**REQUIREMENT**
Would you transcribe the listing that follows word for word, skipping pictures?

BEGIN DATA BLOCK

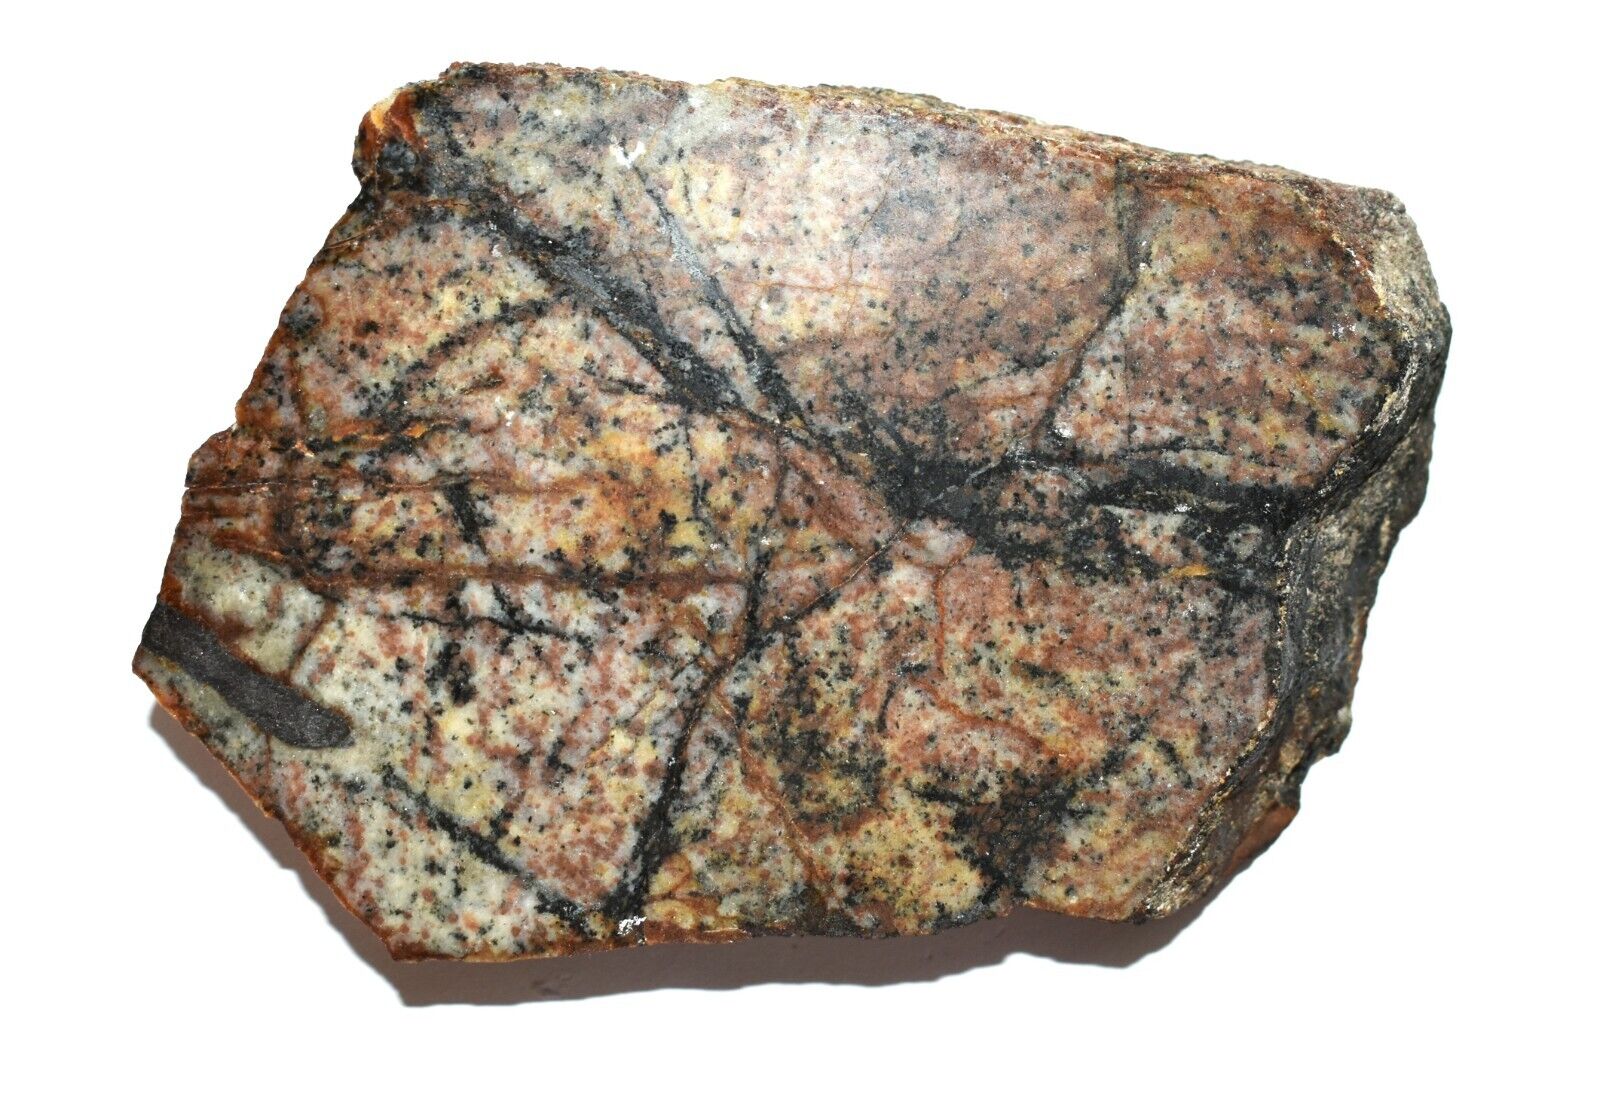 Silver Ore Dendritic Crystal 1800s Ore Knob Copper Mine North Carolina 1.5Lb.
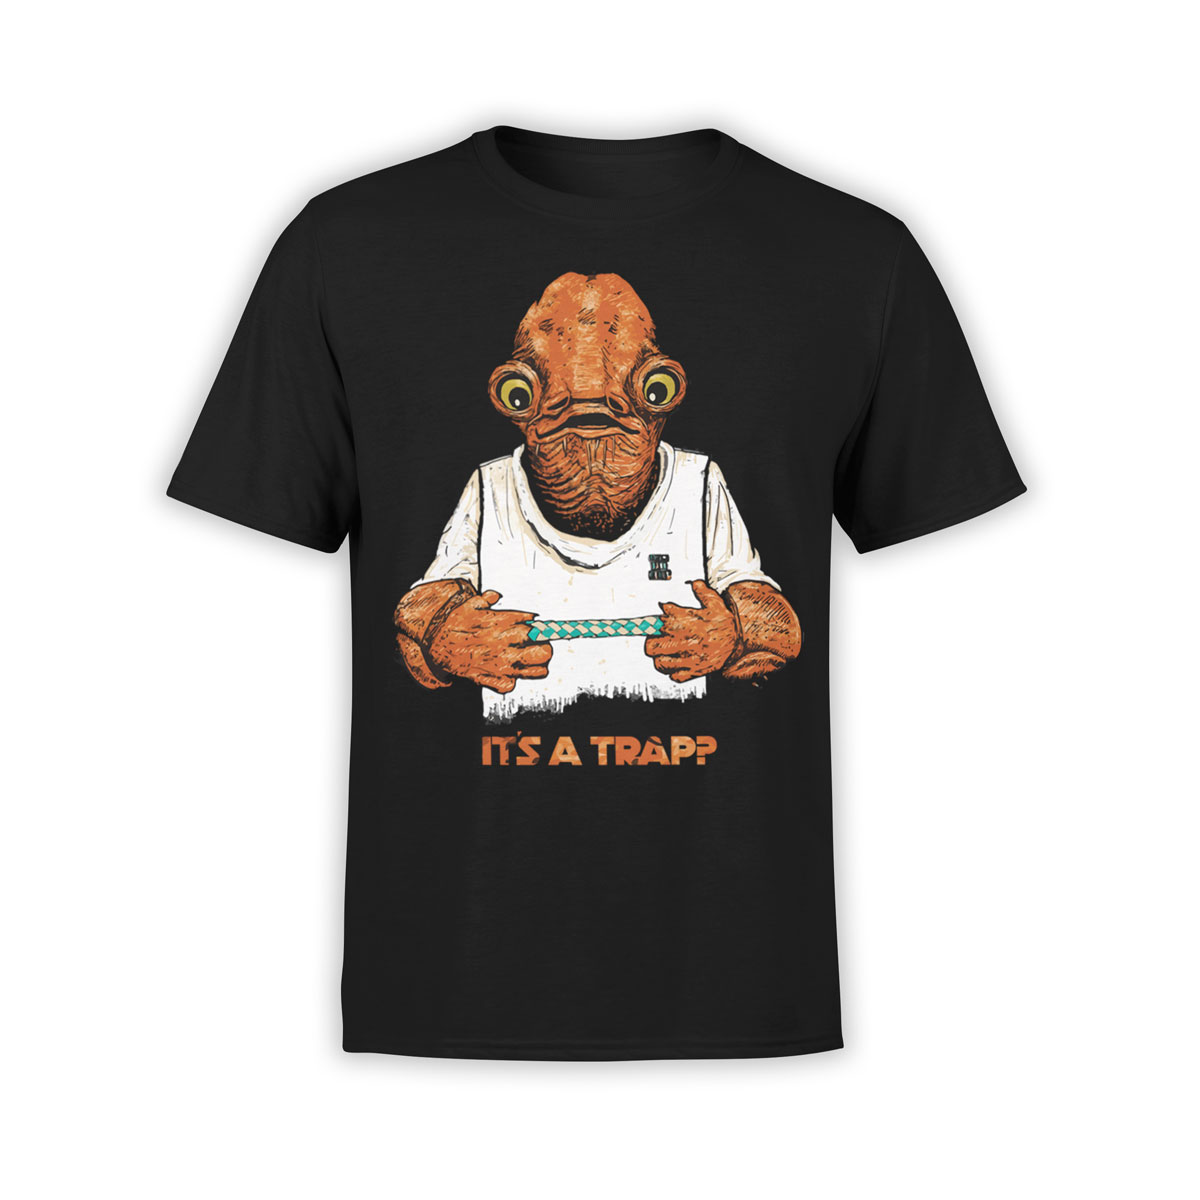 Star Wars Admiral Ackbar Art T-Shirt Men's Women's All Sizes
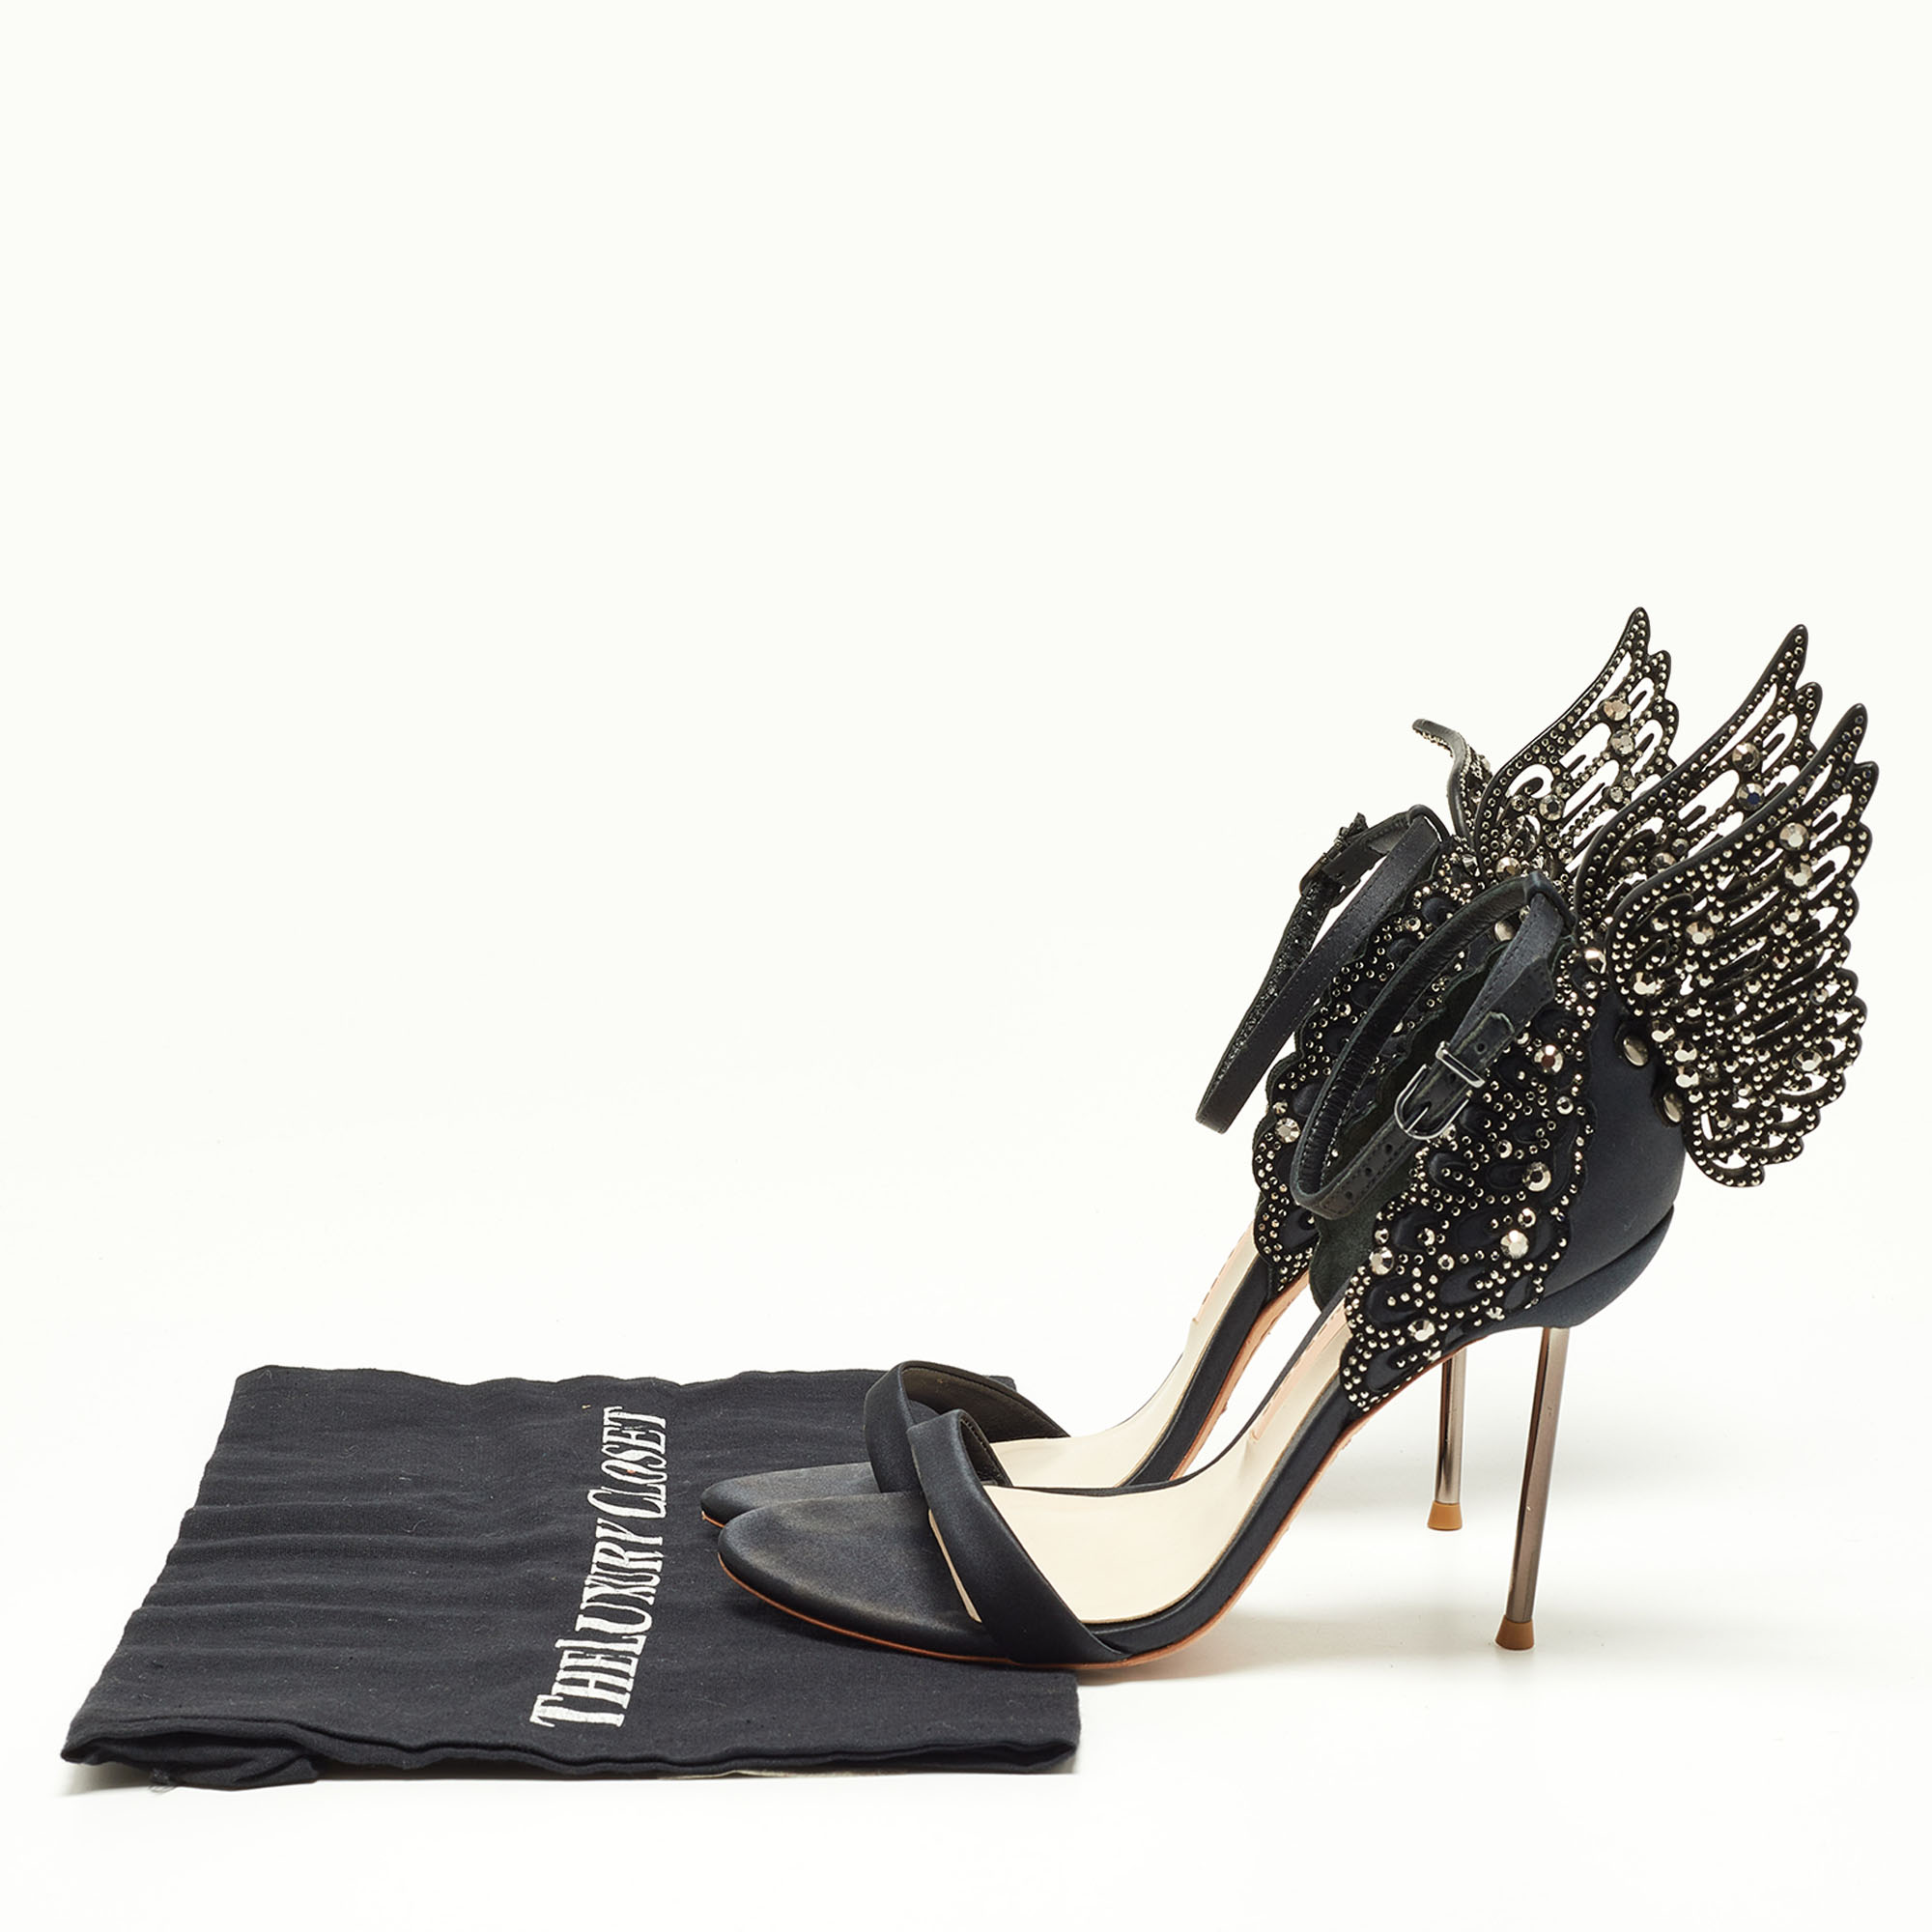 Sophia Webster Black Satin Crystal Embellished Evangeline Ankle Strap Sandals Size 36.5

END DATA BLOCK

**EXERCISE RESPONSE**
 Silver Ore Dendritic Crystal 1800s Ore Knob Copper Mine North Carolina 1.5Lb.
 Star Wars Admiral Ackbar Art T-Shirt Men's Women's All Sizes
 Sophia Webster Black Satin Crystal Embellished Evangeline Ankle Strap Sandals Size 36.5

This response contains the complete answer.